▶ _WORK INSTRUCTION_: Ignoring every picture, return the lines of the listing below word for word, from the line that holds "Coraya Les Exquises" through the line that holds "ゴミ天国魅力KOSE コーセー 薬用".

▶ _DATASET RECORDS_:
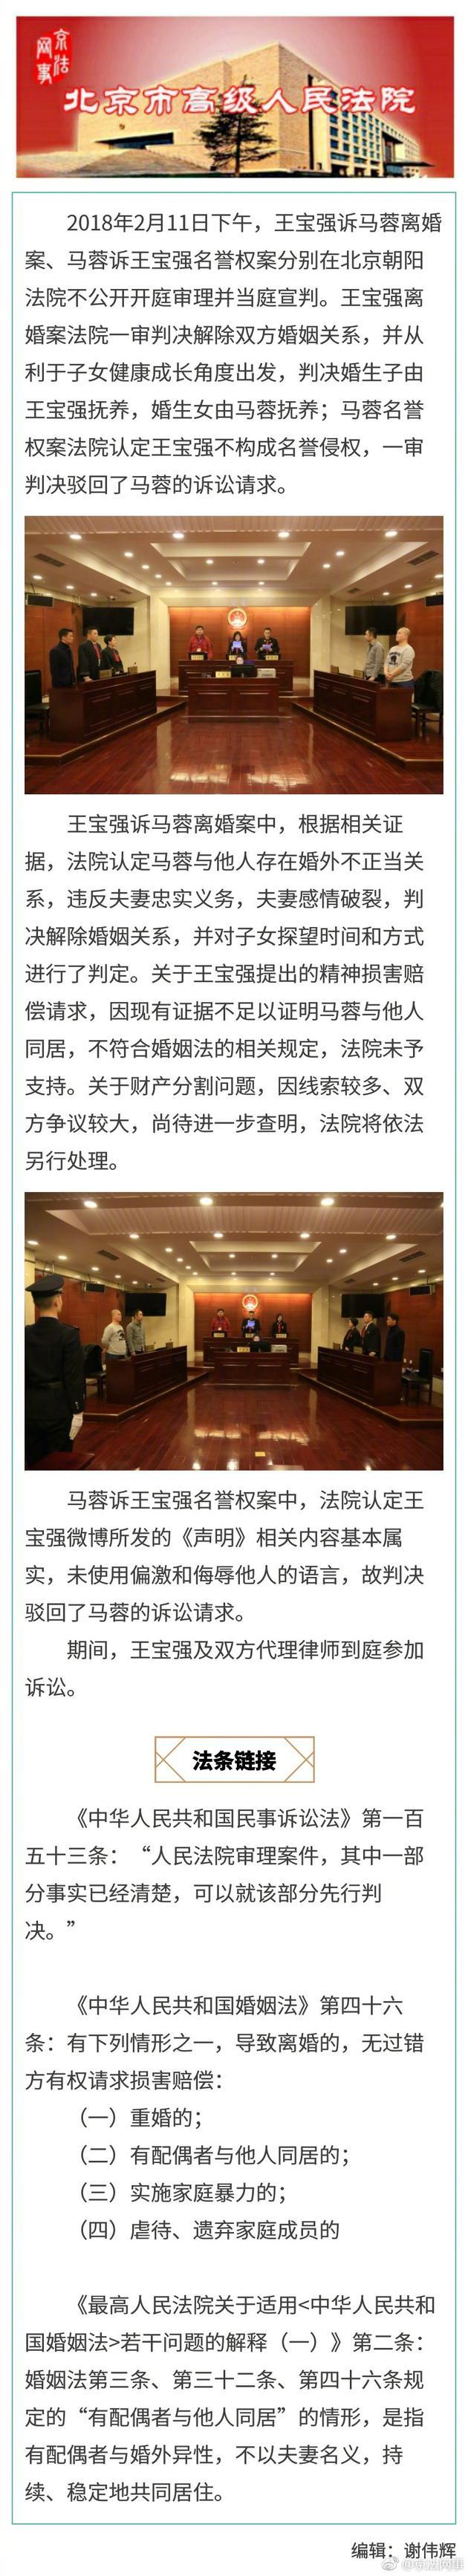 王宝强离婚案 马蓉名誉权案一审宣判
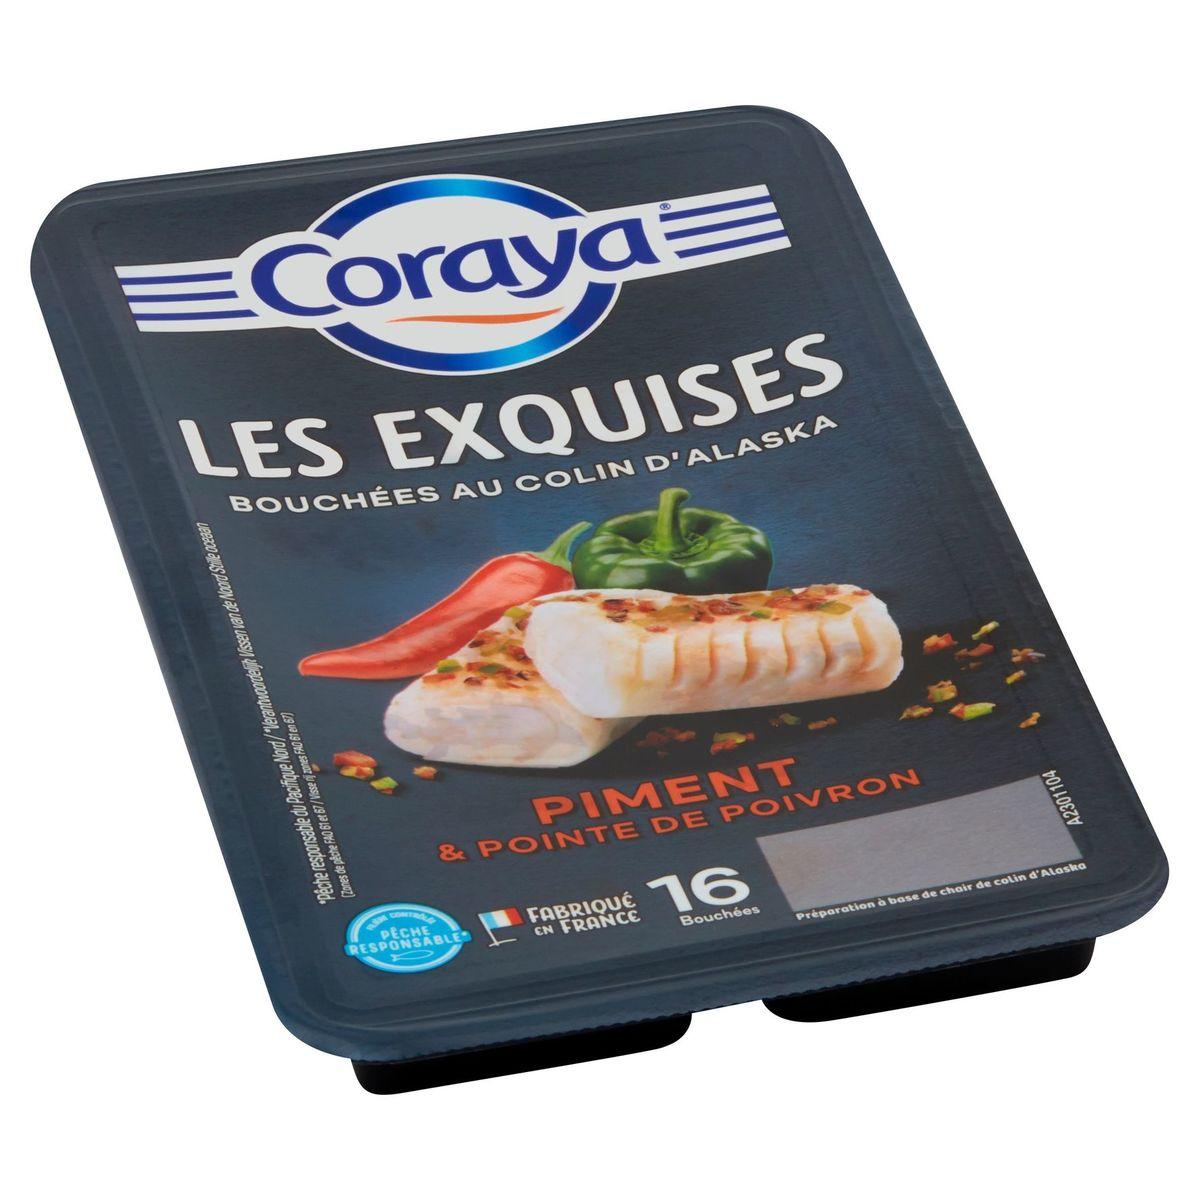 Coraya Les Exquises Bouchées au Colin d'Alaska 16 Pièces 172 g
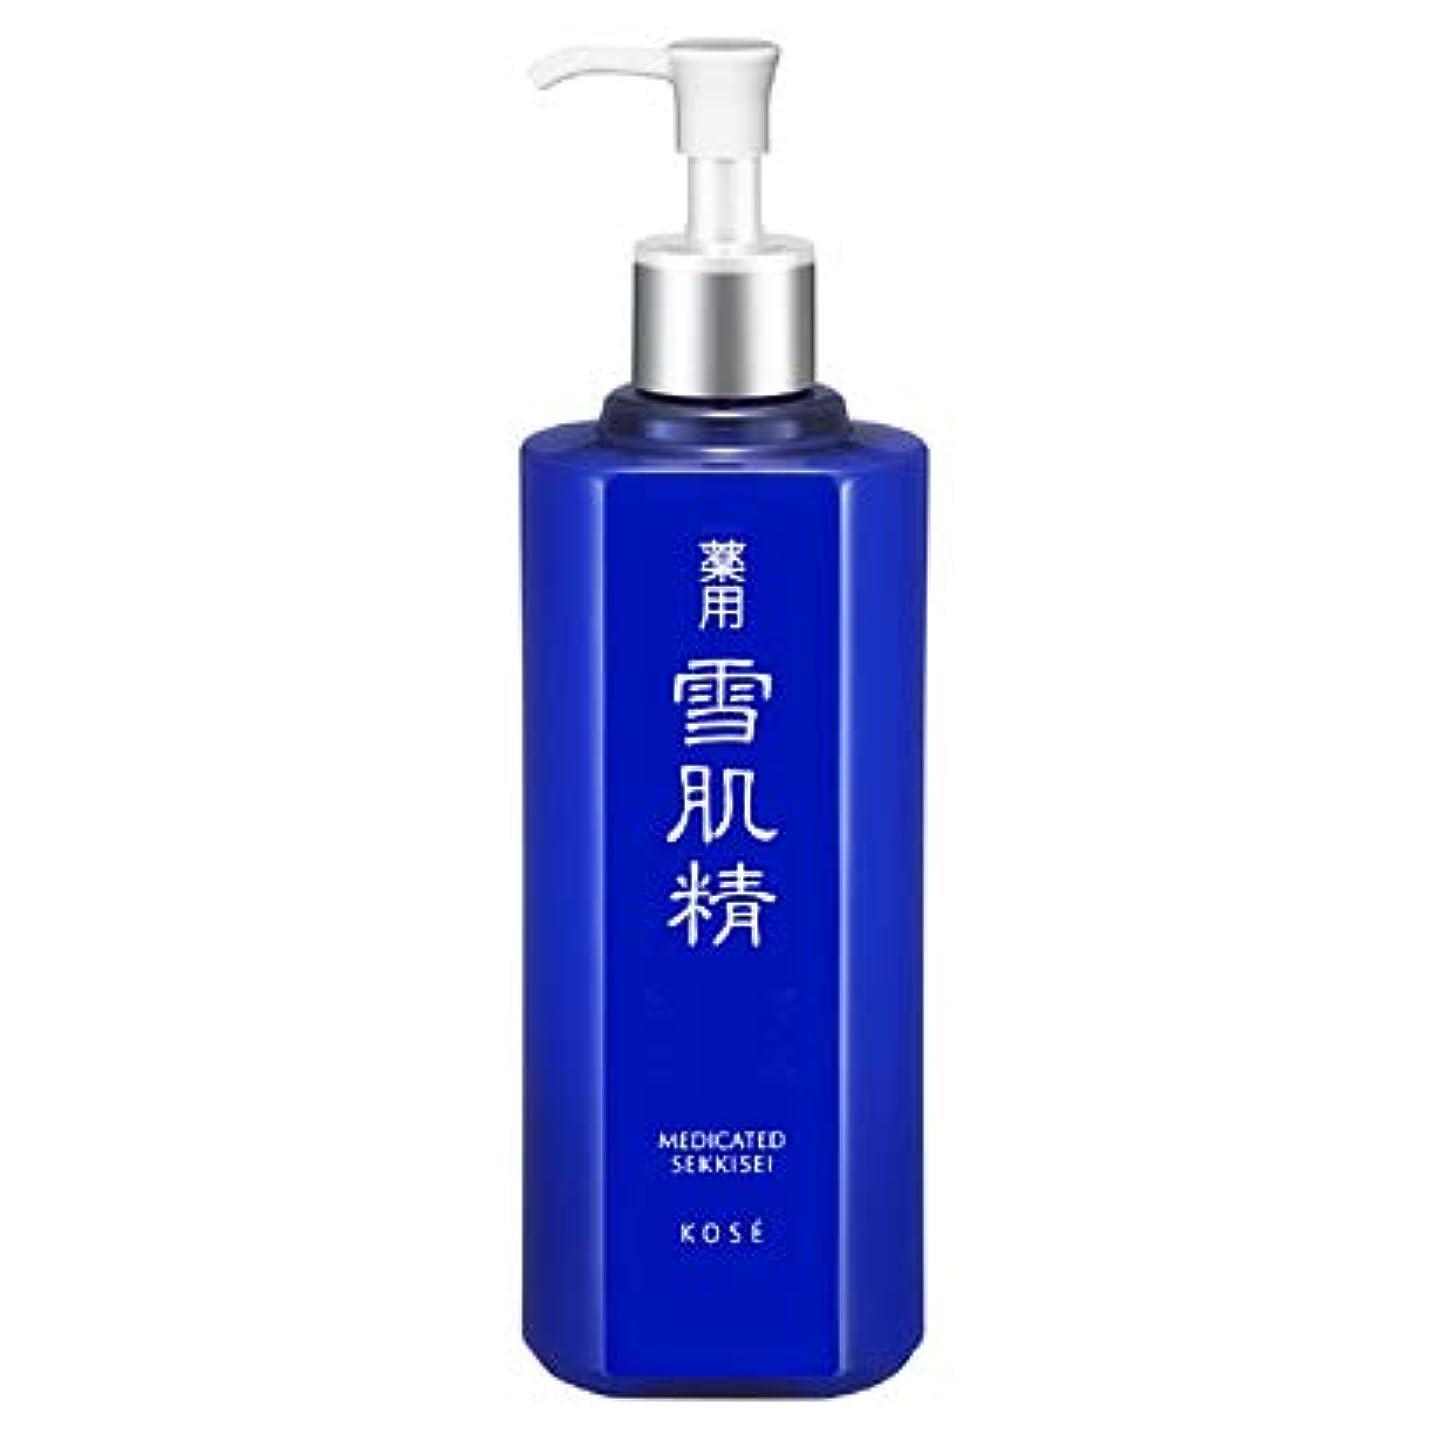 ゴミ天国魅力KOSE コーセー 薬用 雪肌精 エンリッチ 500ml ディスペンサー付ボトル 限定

...

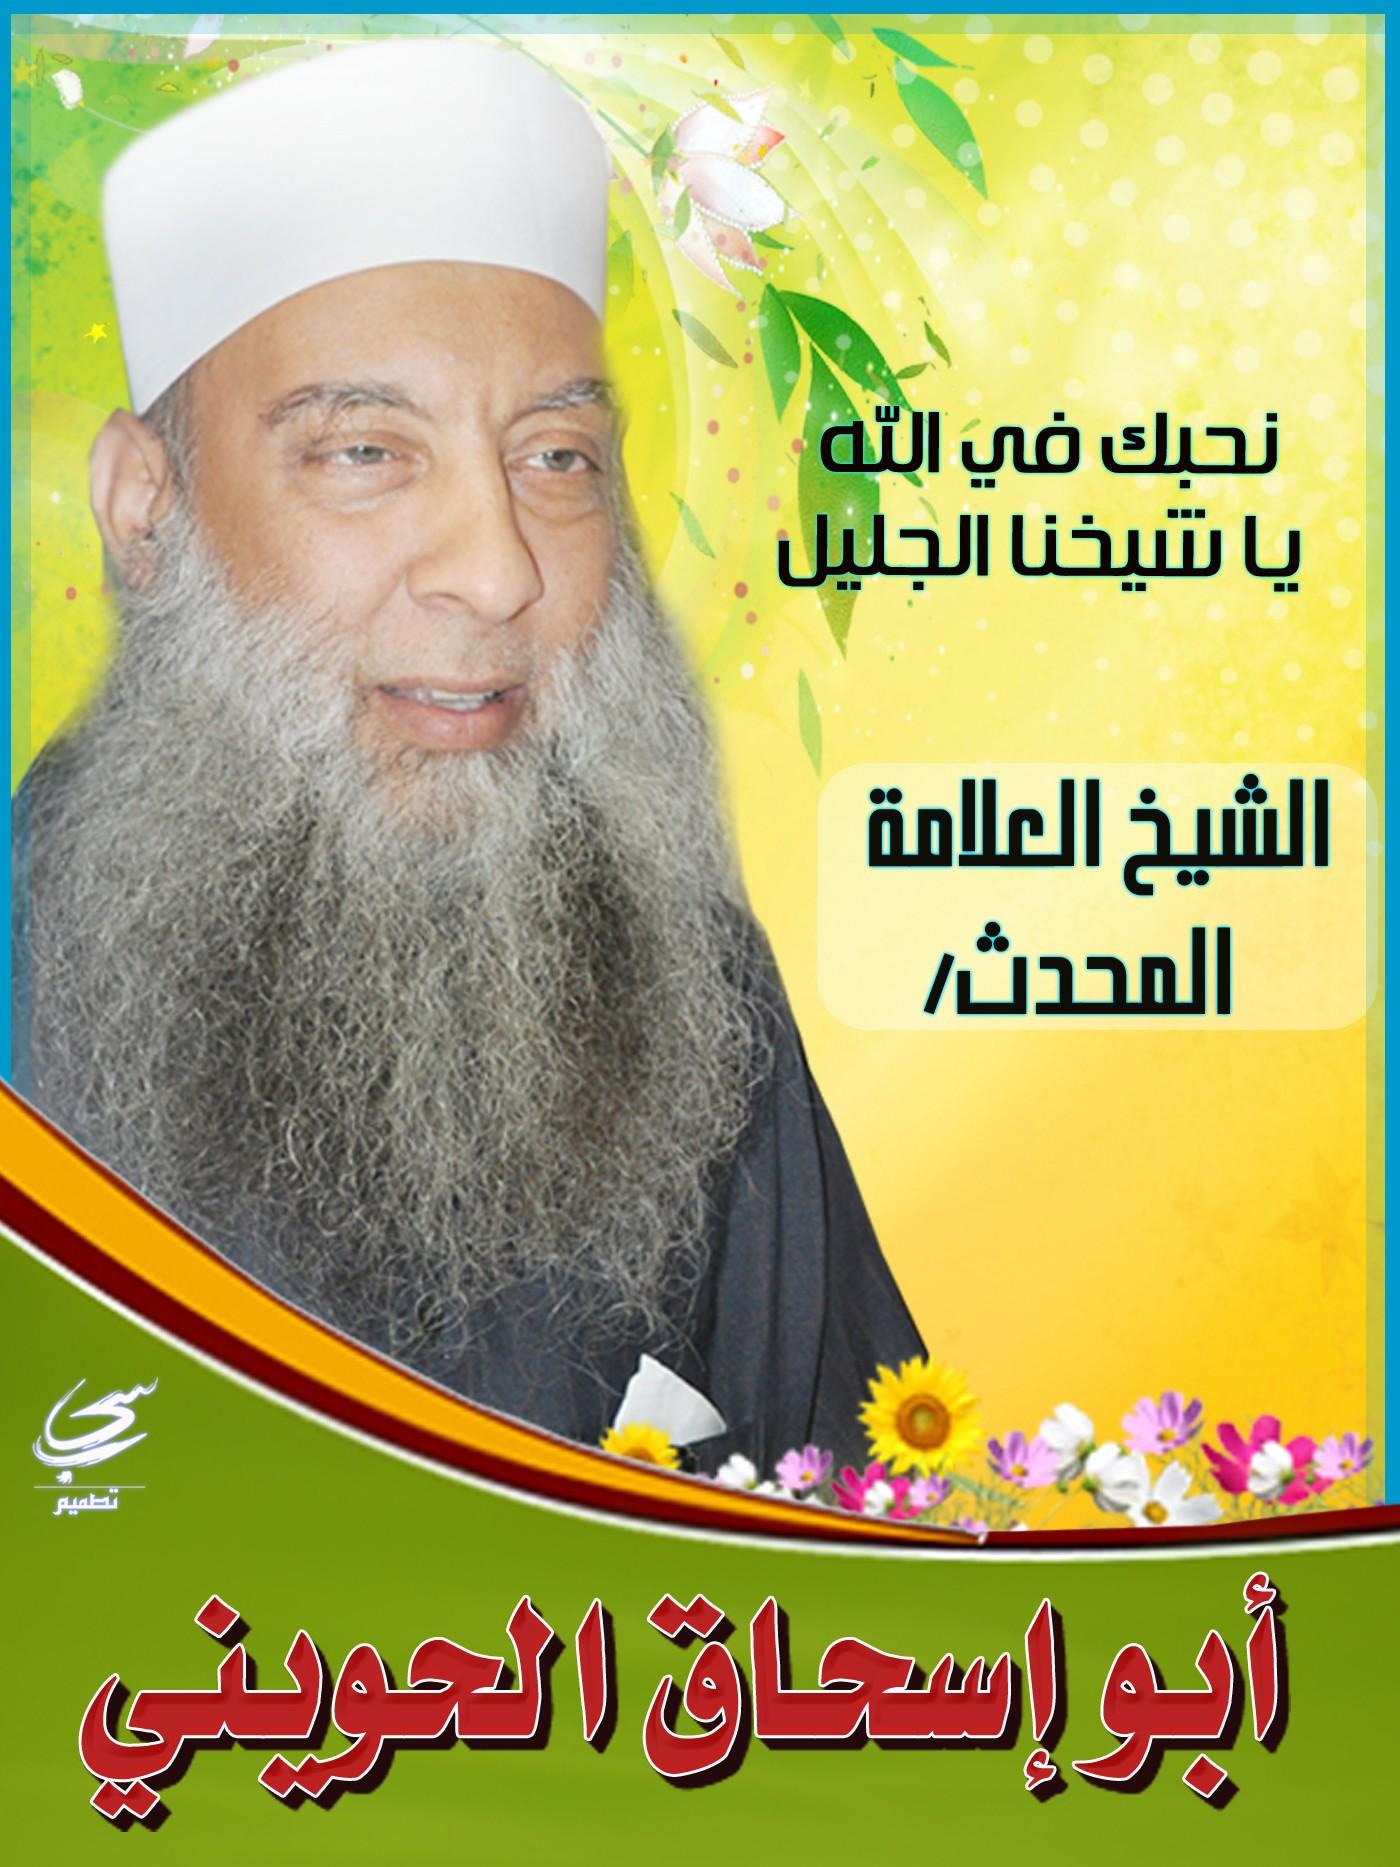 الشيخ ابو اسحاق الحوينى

--

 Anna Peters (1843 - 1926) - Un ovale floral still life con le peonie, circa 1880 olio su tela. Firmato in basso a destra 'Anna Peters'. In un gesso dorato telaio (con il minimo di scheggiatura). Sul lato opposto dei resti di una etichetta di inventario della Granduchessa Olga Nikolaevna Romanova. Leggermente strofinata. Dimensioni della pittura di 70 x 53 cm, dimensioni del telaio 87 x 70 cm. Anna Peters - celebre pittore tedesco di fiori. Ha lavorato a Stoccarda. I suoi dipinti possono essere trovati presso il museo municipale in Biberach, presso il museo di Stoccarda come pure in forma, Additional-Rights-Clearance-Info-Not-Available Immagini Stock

▶ _ANSWER AREA_:
 Coraya Les Exquises Bouchées au Colin d'Alaska 16 Pièces 172 g
 ゴミ天国魅力KOSE コーセー 薬用 雪肌精 エンリッチ 500ml ディスペンサー付ボトル 限定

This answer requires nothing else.